French naval officer

Jean Dalbarade (or d'Albarade; 31 August 1743 – 31 December 1819) was a French naval officer who became an extremely successful corsair. In his career at sea he captured many enemy vessels, and was often wounded. He was decorated by King Louis XVI. Dalbarade became Minister of the Navy and Colonies (1793–95) during the French Revolution, at the height of the Reign of Terror. He was ineffective and indecisive in this position. He commanded the port of Lorient for two years, then was dismissed and soon after retired from the navy.

==Early years==

Jean Dalbarade was born in Biarritz, Pyrénées-Atlantiques, on 31 August 1743. Of Basque origin, growing up beside the sea, he naturally became a sailor, as did his younger brothers. He sailed as a corsair during the Seven Years' War (1754–1763).
At the age of sixteen, on 14 March 1759 he joined the royal ship Outarde as an apprentice seaman in a voyage to Quebec.
On 2 October 1760 he joined the corsair Labourt from Saint-Jean-de-Luz as a lieutenant.
The ship had 18 guns and a crew of 207. In the campaign that followed thirteen prizes were taken. Dalbarade was badly wounded in the head. He then joined Minerve, armed with four cannon and 14 swivels, and then was made first lieutenant on Triomphante, a frigate with a crew of 160.

After the war, Dalbarade joined the merchant marine service.
He served again in the royal navy during the American Revolutionary War (1775–1783).
As commander of the corsair frigate Duchesse de Chartres he captured the British ship General Dalling. He was wounded by a bullet while boarding the Swallow, and was taken prisoner by the British.
Dalbarade was freed in 1780 and took command of the privateer Aigle from Saint-Malo, with which he seized several ships.
In 1781 he was condemned to prison for having debauched some naval crews. Apart from minor misdeeds like this, and from often acting more like a pirate than a corsair, Dalbarde proved himself an intrepid sailor.
He was made a Knight of Saint Louis in 1787 by King Louis XVI.
Dalbarade was promoted to Captain (capitaine de vaisseau) in January 1792.
In April 1792 he was given the command of a royal frigate.

==Minister==
Dalbarade was assistant minister of the Navy and Colonies from 1 March 1793 to 10 April 1793.
He was appointed Minister of the Navy and Colonies on 10 April 1793.
At the time to refuse the position would have meant imprisonment or death.
As a minister he was close to the Montagnards but achieved nothing, and was suspicious and jealous of other talented people.
Léon Guérin wrote that they needed an administrator and appointed a pirate.
Dalbarade was in charge of the department of Navy and Colonies for about 27 months during the Reign of Terror.
He was ordered to deport disobedient priests to Guiana, but delayed their departure indefinitely.

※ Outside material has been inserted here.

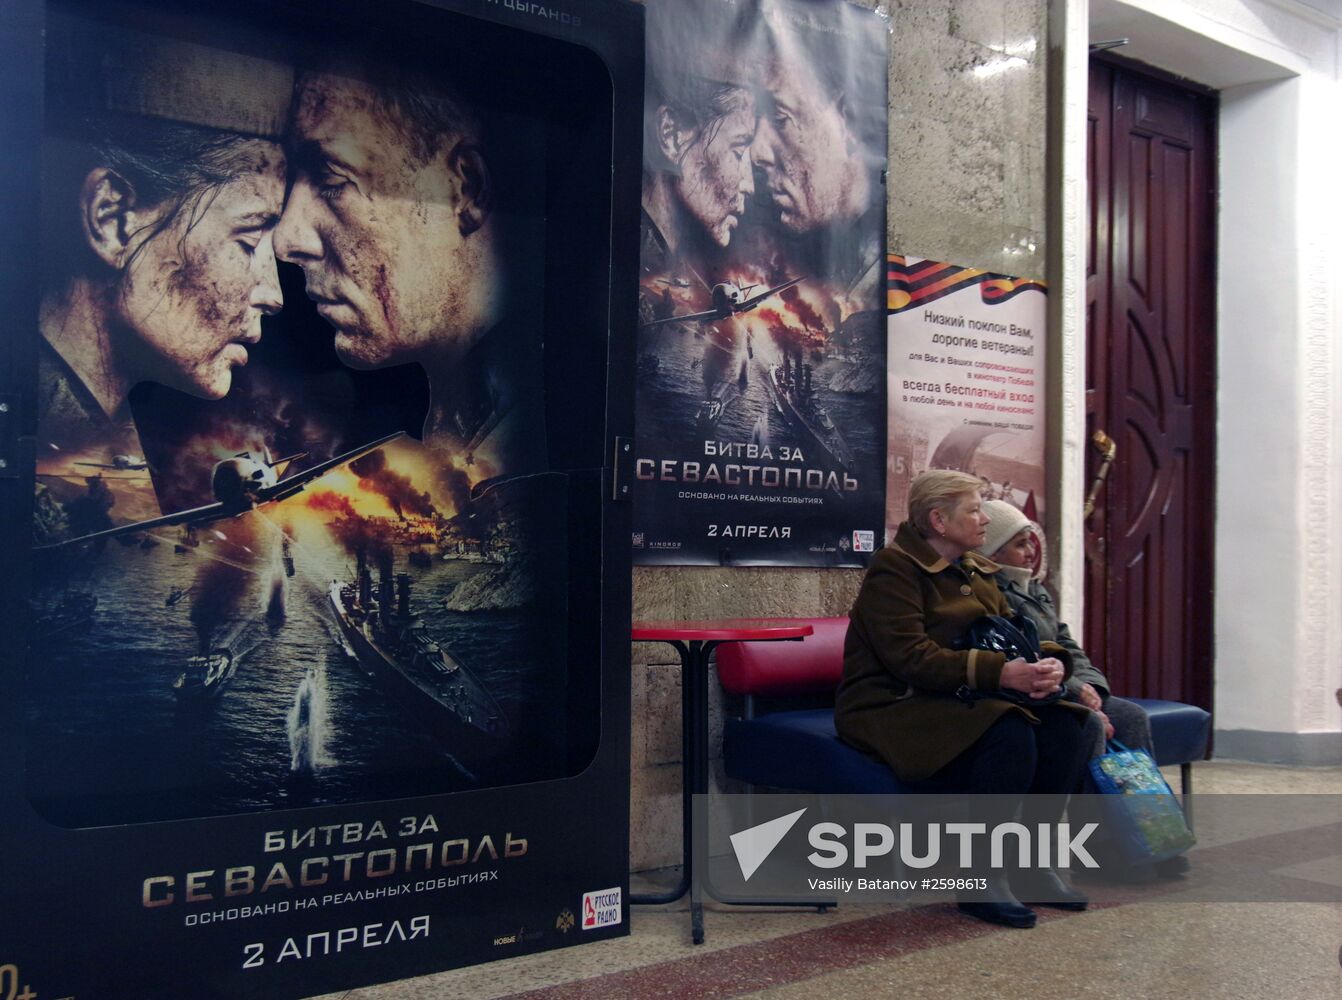 Presentation of film "Battle for Sevastopol" in Sevastopol

Throughout 1793 the French Republic was involved in total war with the rest of Europe. The priority was to defend land threats, ether internal or external. Naval forces were used to suppress land rebellions, and naval arsenals to supply the army.
In May 1793 the combined naval forces of Spain and Britain arrived off Toulon.
The commander, Trogoff, asked for instructions from Dalbarade and the executive council, with no success.
Eventually Dalbarade wrote telling him to avoid conflict unless he was completely sure that he was equal in force to the enemy.
From 29 August to 17 December 1793 the port of Toulon was occupied by an Anglo-Spanish force.
The port was recovered by forces under General Jacques François Dugommier, but the British burned much of the French navy before retiring.

The Quibéron mutinies took place in September 1793.
Vice-admiral Morard de Galles, based on Brest with a fleet of twenty ships of the line and four frigates, received orders to cruise the dangerous waters between the islands of Groix and Belle-Isle to prevent the British from assisting the royalists in Brittany and the Vendée.
He and Kerguelen, commander of one of the divisions of the fleet, proposed to Dalbarade that a better way to prevent the enemy from considering a descent on the coasts of France would be to go out and cruise. The season of bad weather had arrived, and the ships were forced to take refuge in the bay of Quiberon.
The crews wanted to return to Brest because they had no chance of taking prizes, had been eating almost nothing but salt meat for four months and were poorly clothed.
The fall of Toulon provided a pretext for returning to Brest, which was equally vulnerable to the British.
Unable to maintain discipline, Morard de Galles ordered the fleet back to Brest.
Jean Bon Saint-André was sent to Brest, where he initiated a purge of the officers involved.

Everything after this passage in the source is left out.